7.6 From the assessment order, it does not reflect that the Assessing Officer had ever tried to issue and serve the alleged notice(s) in ordinary way and after exhausting ordinary attempt, while recording the reasons, adopted the substituted service by way of affixture upon the deceased assessee. As it is clearly reflects from the chronological dates and events that notice u/s 148 was issued in the name of the deceased assessee on 2gth March, 2012 which claimed as has been served through affixture on 31st March, 2012 and thereafter notice u/s 142(1) of the Act claimed as has been served on dated 2gth May, 2012 through affixture on the deceased assessee, creates many doubts with regard to the genuineness of the service of the notice on the deceased assessee because if the notice has been served through affixture on 31st March, 2012 then certainly the notice server would have used his due and reasonable diligence for not finding the deceased assessee and would have come to the knowledge about the death of deceased assessee and must have communicated the said information to the assessing officer and thereafter the Assessing Officer would had no option except to substitute the assessment proceedings in the name of the legal heir only, however, it is admitted fact that notice 29.05.2012 u/s 142(1) was also served to the deceased assessee by way of affixture and thereafter, getting the knowledge about the death of the assessee, the Assessing Officer initiated the assessment proceeding against the sole legal heir. The notice dated 18.02.2013 u/s 142(1) has also been claimed as served upon the legal heir, through affixture only. While serving the notice through substituted service to the sole legal heir of the assessee, the Assessing Officer never tried to serve the legal heir in the ordinary way, however made an attempt only through substituted service which also create lots of doubts about service and validity of the notices which according to our mind is not mere procedural requirement but mandatory.
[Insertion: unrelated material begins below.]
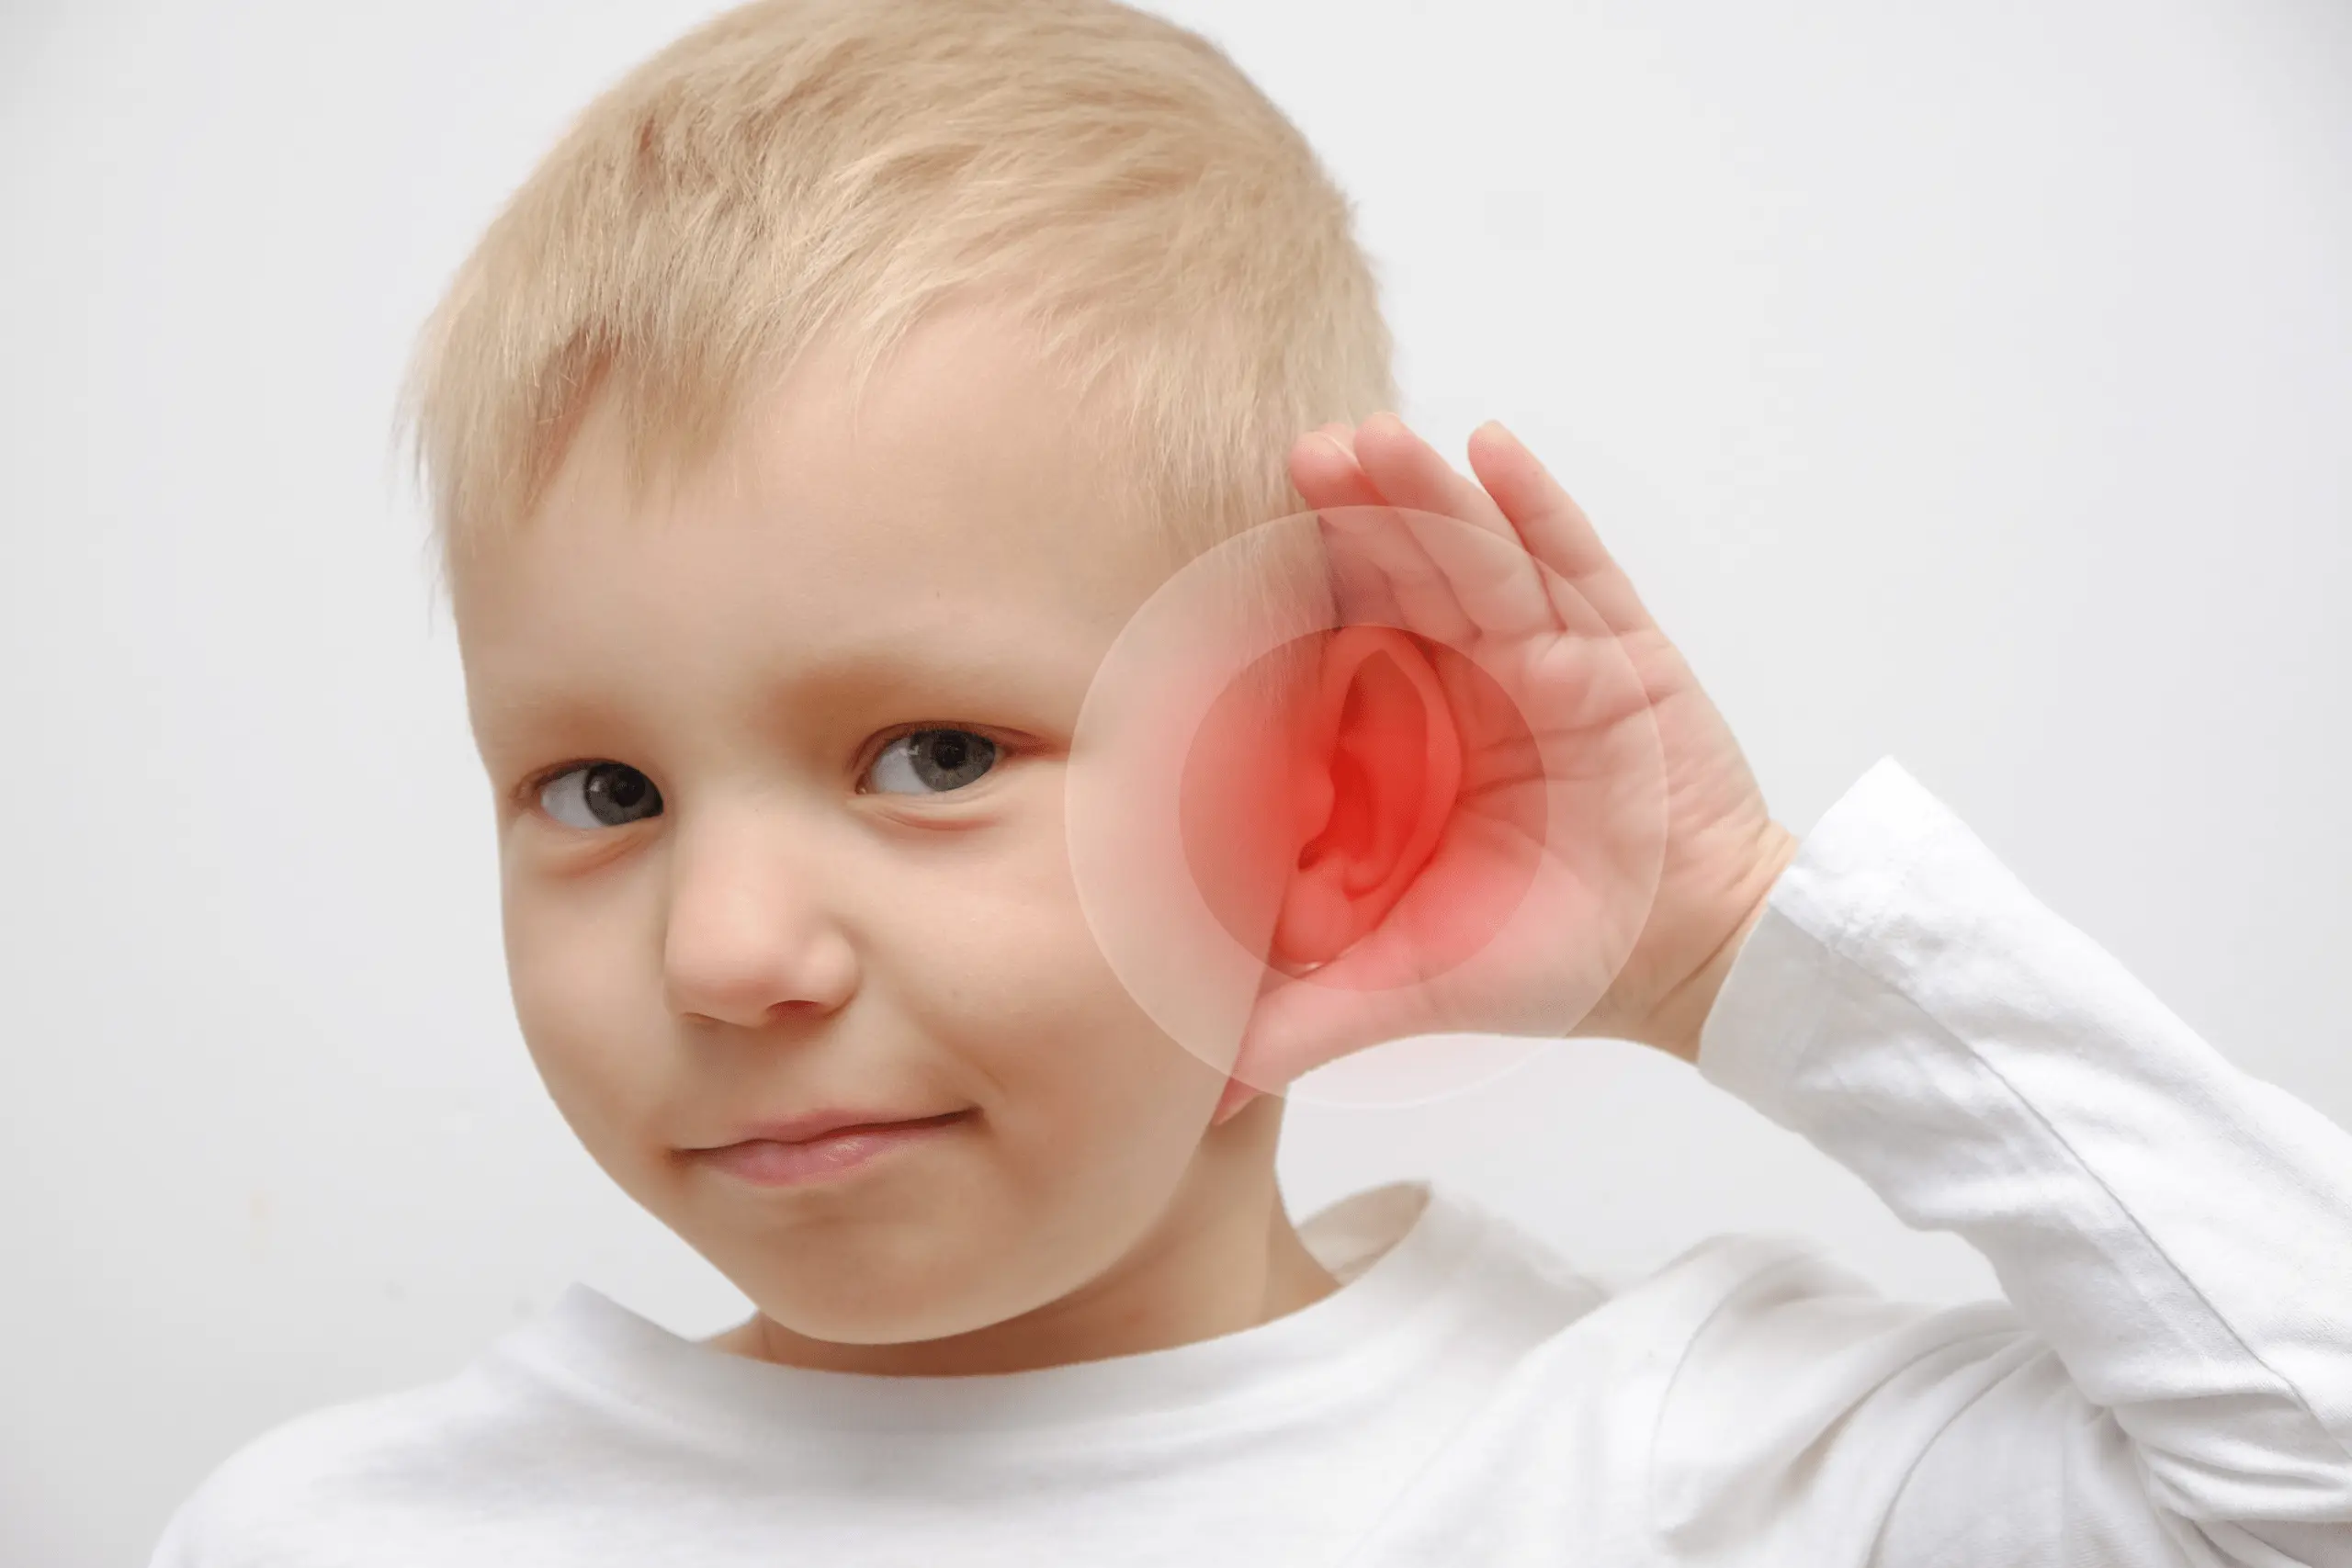 Marmed - Aparaty Słuchowe - Badanie Słuchu - Wysiękowe Zapalenie Ucha

7.7 The judgments relied upon by the Ld. AR, in support of assessee’s case speaks about one thing only that proper notice u/s 148 of the Act for initiating reassessment proceeding is not a mere procedural requirement but the service of the prescribed notice on the assessee is a condition precedent to the validity of any of the reassessment made u/s 147. It is settled law that if no notice is issued or if the notice issued is shown to be invalid then proceedings initiated and carried by the Income Tax Officer without a notice or in pursuance of invalid notice would be illegal and void and shall vitiate the entire proceedings.
In the aforesaid analyzation, we do not have any hesitation to hold that in the instant case, no notice has ever been properly served either u/s 148 or 142(1) of the Act upon the deceased assessee or his sole legal heir. Therefore, the Assessment Order under challenge cannot be sustained and impugned order under challenge liable to be set aside under the limb of non-service/invalid notice itself and hence, the order passed by the Ld. CIT(A) is set aside and the addition confirmed by the Ld. CIT(A) stands deleted.
8. In the result, the appeal filed by the assessee is allowed.
Order pronounced in the open Court on 15.06.2018.